Given my interest (or obsession?) with amputation and its metaphorical relevance for Black equality, my ears pricked up when in 2017 I saw then-President Donald Trump lament the removal of Confederate monuments, tweeting “Sad to see the history and culture of our great country being ripped apart with the removal of our beautiful statues and monuments… the beauty that is being taken out of our cities, towns and parks will be greatly missed and never able to be comparably replaced!” In many ways, Trump was more correct than he knew. While the country was not being ripped apart, something was being excised, amputated, that could not be replaced, at least not in the same way. By saying the quiet part out loud, Trump – and other white nationalists – actually got close to the heart of what is at stake in amputating Confederate statuary from the shared landscape: not the extermination of (white) American history, but a step towards the destruction of whiteness as it now exists, a legacy of slavery and Jim Crow. Confederate monuments aimed not just to threaten black autonomy – although that was certainly part of the plan – but to normalize white domination and the rewriting of history.
The fantasy of uninterrupted wholeness that Reconstruction radicals countered, and that became ascendant after 1880, the fantasy that nothing had changed from the past nor need change in the future, was undeniably disrupted by the movement to bring down Confederate memorials. We can see Bree Newsome’s physical removal of the Confederate flag from its perch in front of the South Carolina capitol building as a symbolic amputation of the normalization of white supremacist imagery, and the sight of the empty flagpole as itself telling a story of resistance to anti-Black racism.
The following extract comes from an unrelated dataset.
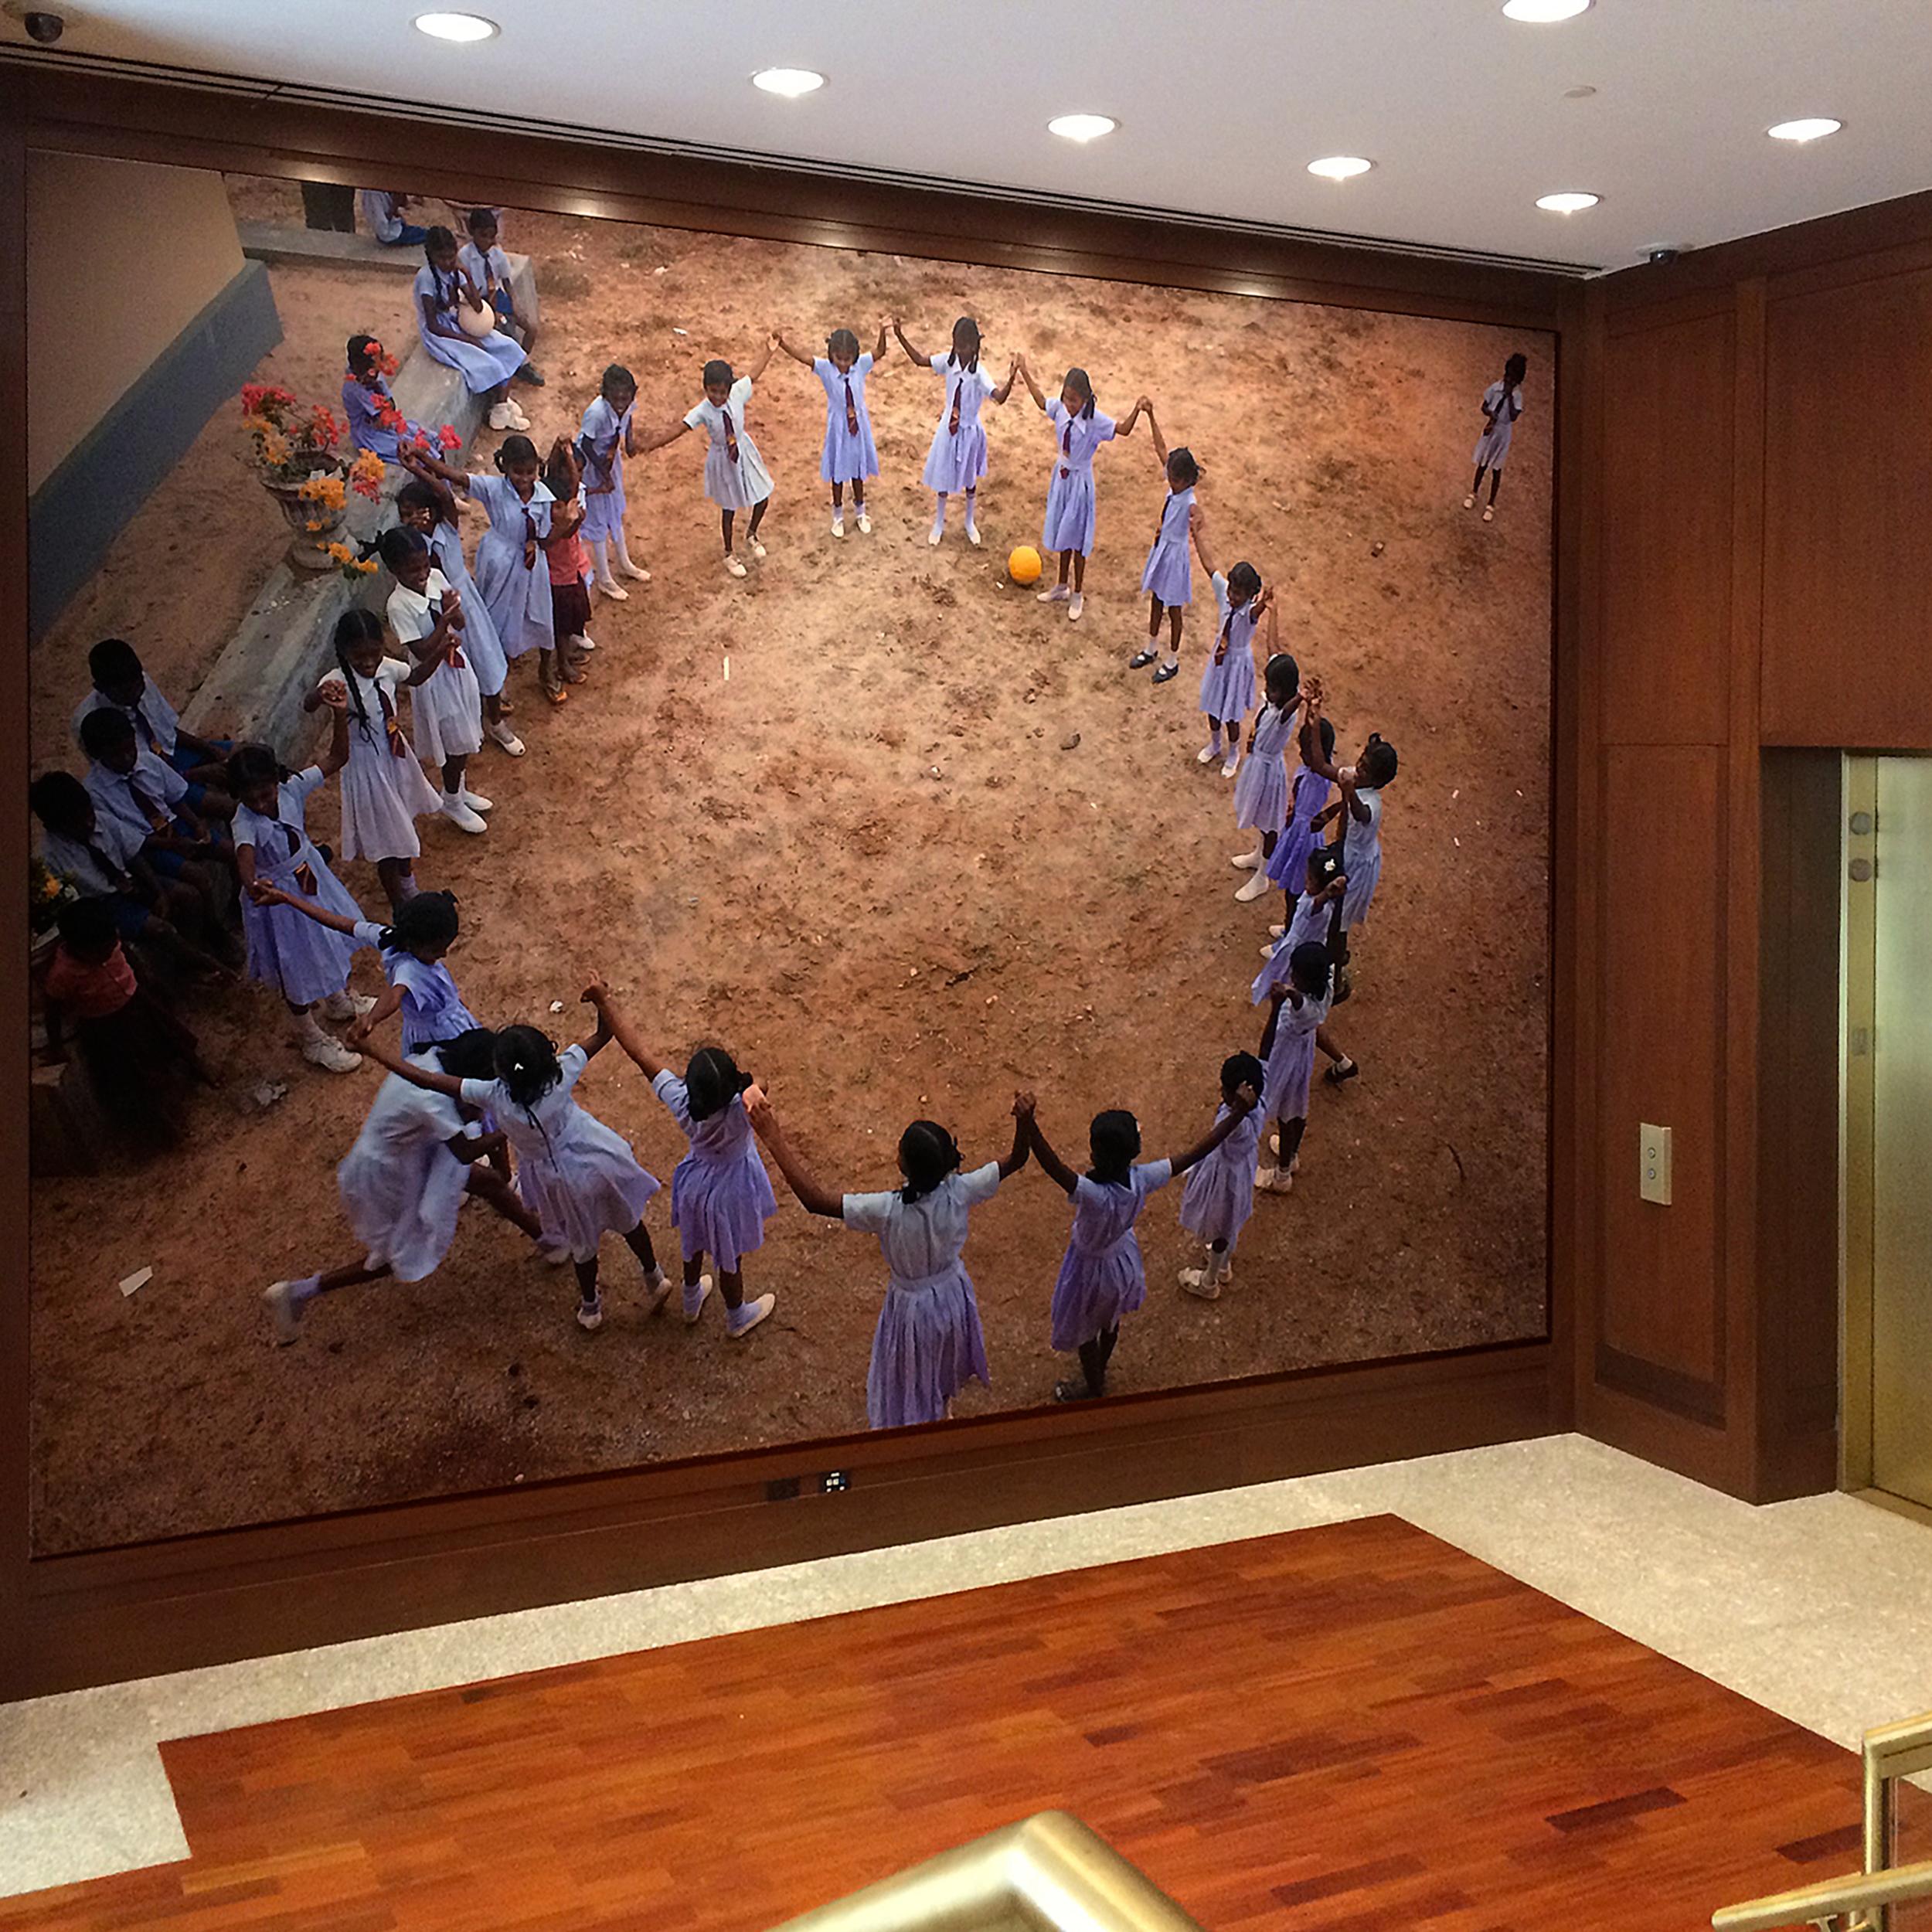 22ft x 15ft school children image at rear lobby elevator banks

As with the trope of the amputee, absence has radical resonances, insisting on loss as the first step in the process of political reparation towards Black Americans in general and Black Southerners in particular.
The backlash to Black Lives Matter has been swift, and in many states even teaching about the past that brought these statues into being is prohibited. Despite – or, more likely, because of – the earlier successes of BLM, several states now forbid teaching any material that might make a student “feel discomfort, guilt, anguish, or another form of psychological distress solely because of the individual’s race or sex,” as though any negative feeling about the white supremacy that has characterized the United States since its inception trumps the pedagogical value of learning a full and complicated history of the nation.
I would hope that we can avoid the depredations of the post-Reconstruction romance of the Lost Cause and regroup to fight back against the seemingly evergreen fantasy of national wholeness that always comes at the cost of Black lives. A more perfect union is not one that is free of fracturing or loss, after all. It is one that recognizes the generative power that emerges out of the excision of the infection of white supremacy, a nation that maintains an expansive view of past, present, and future: an amputation nation.